── Data segment

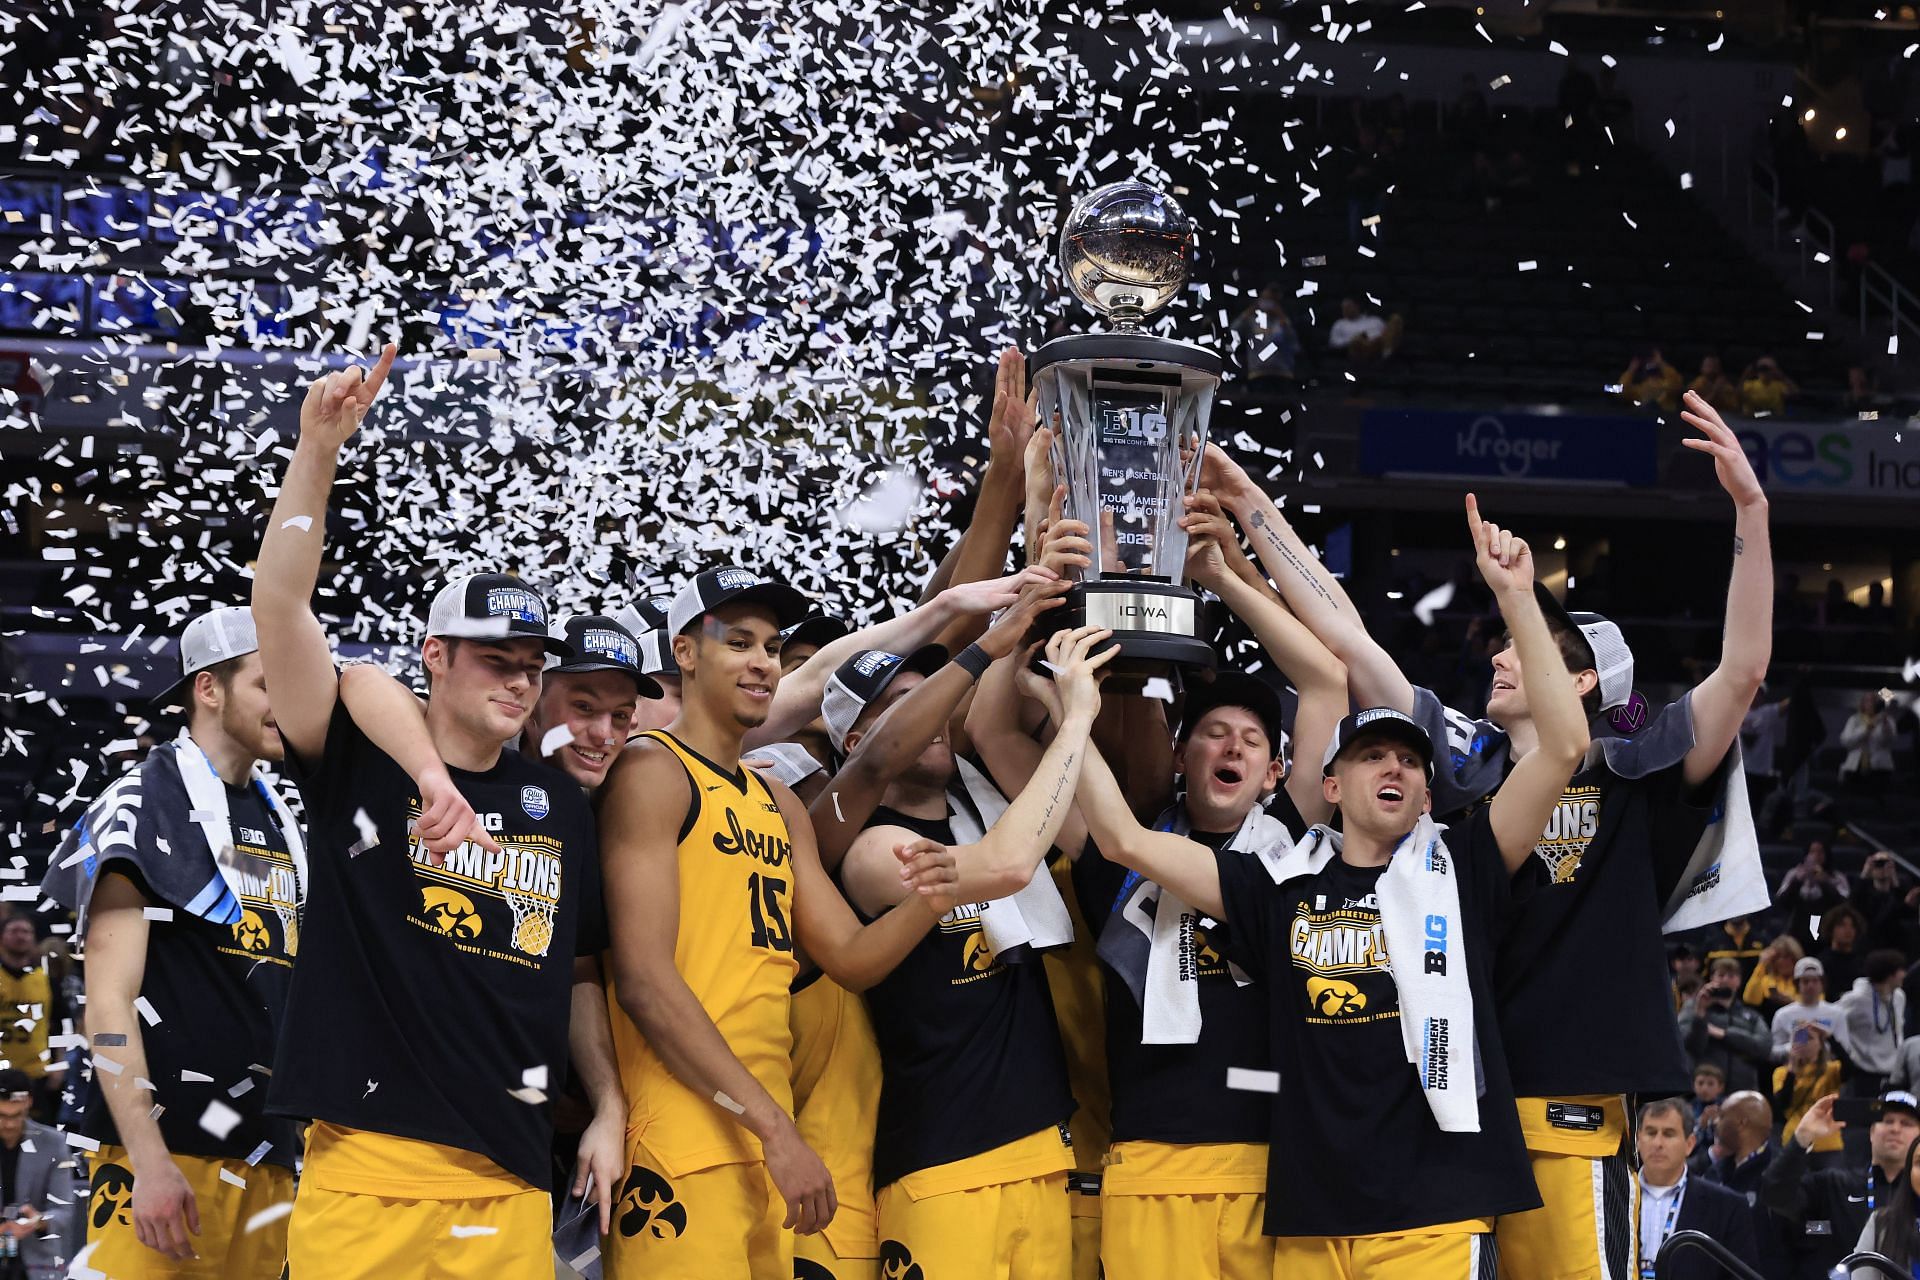 The Big Ten tournament champion Iowa Hawkeyes are a five-seed with championship hopes
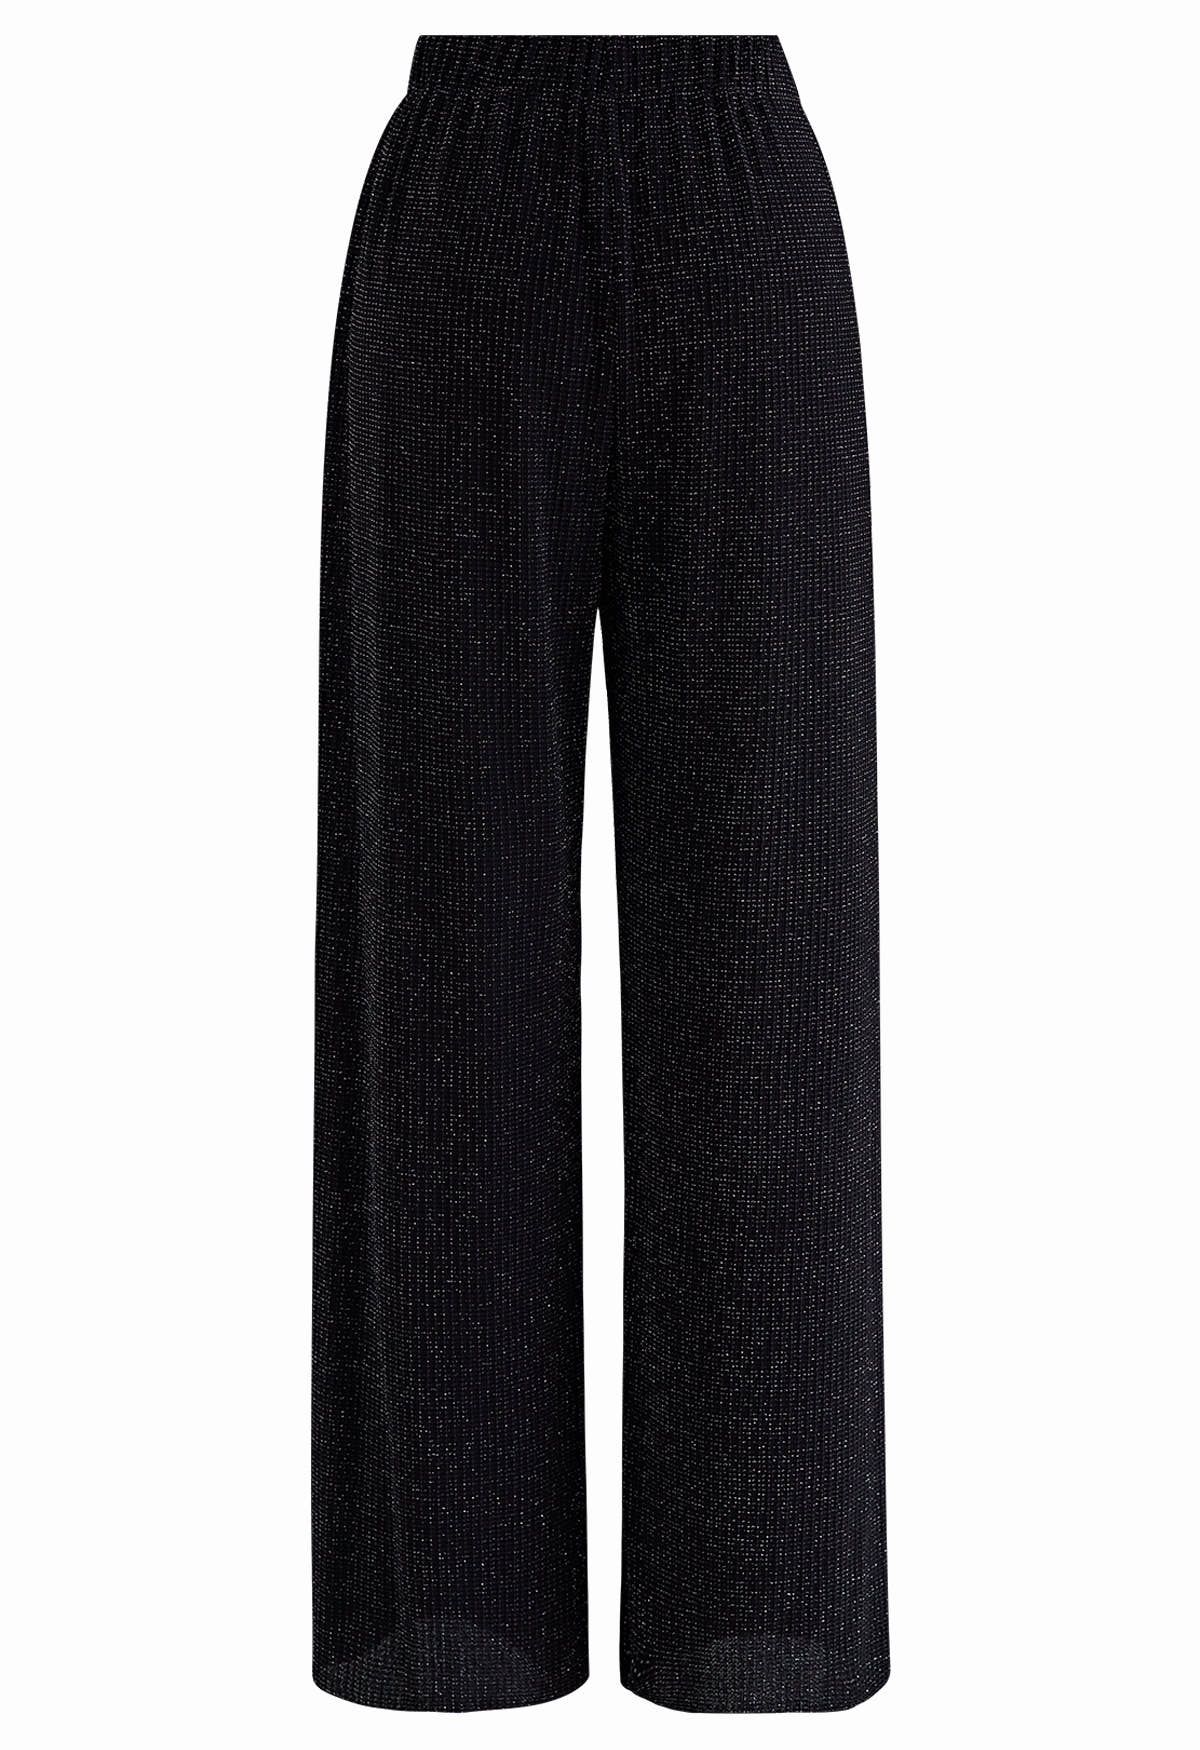 Midnight Shimmer Black Straight-Leg Pants - Retro, Indie and Unique Fashion
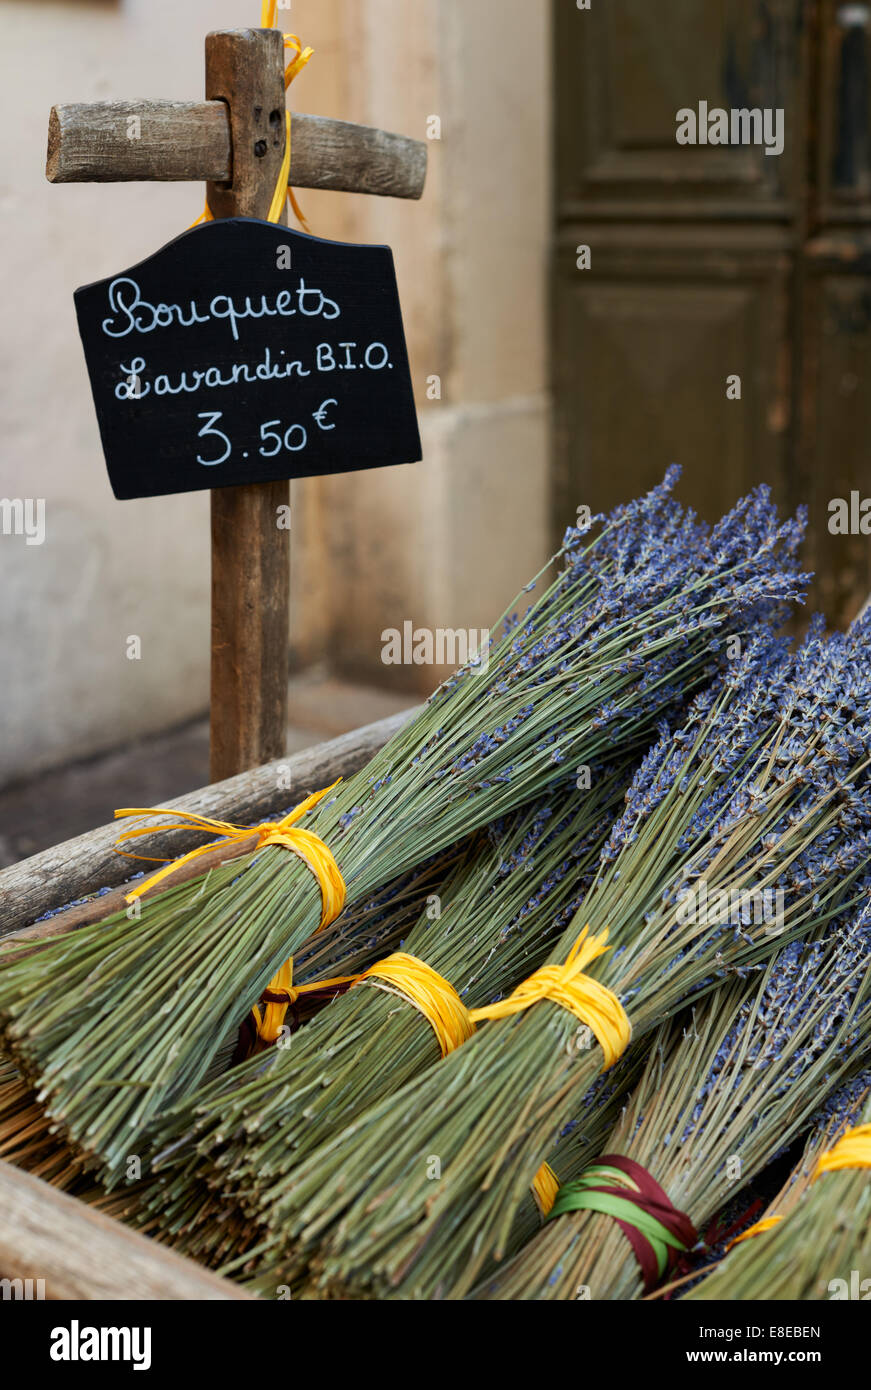 Bouquets of dry lavender for sale in Aix en Provence town, France Stock Photo

────

> [Assignment] Copy all the material above exactly, but skip each image.

> [Your solution]
 The Big Ten tournament champion Iowa Hawkeyes are a five-seed with championship hopes
 Midnight Shimmer Black Straight-Leg Pants - Retro, Indie and Unique Fashion
 Bouquets of dry lavender for sale in Aix en Provence town, France Stock Photo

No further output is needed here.